* INFORMATION SUPPLIED

>>>>>

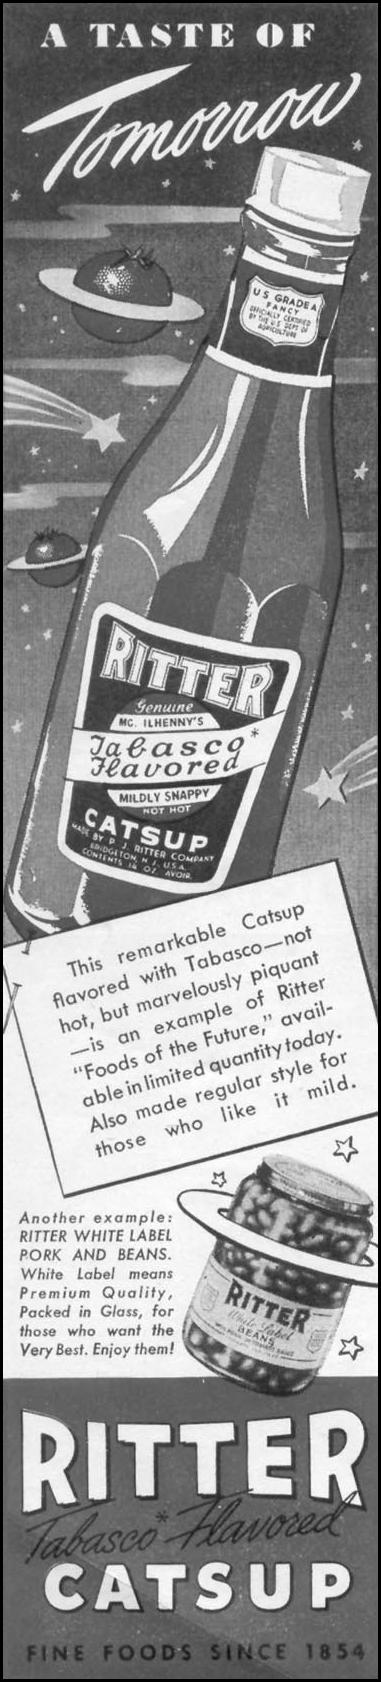 RITTER TABASCO FLAVORED CATSUP
WOMAN'S DAY
11/01/1945
p. 14

<<<<<

* EXERCISE INSTRUCTIONS
Print the material exactly as given, but not the pictures.

* RESPONSE
 RITTER TABASCO FLAVORED CATSUP
WOMAN'S DAY
11/01/1945
p. 14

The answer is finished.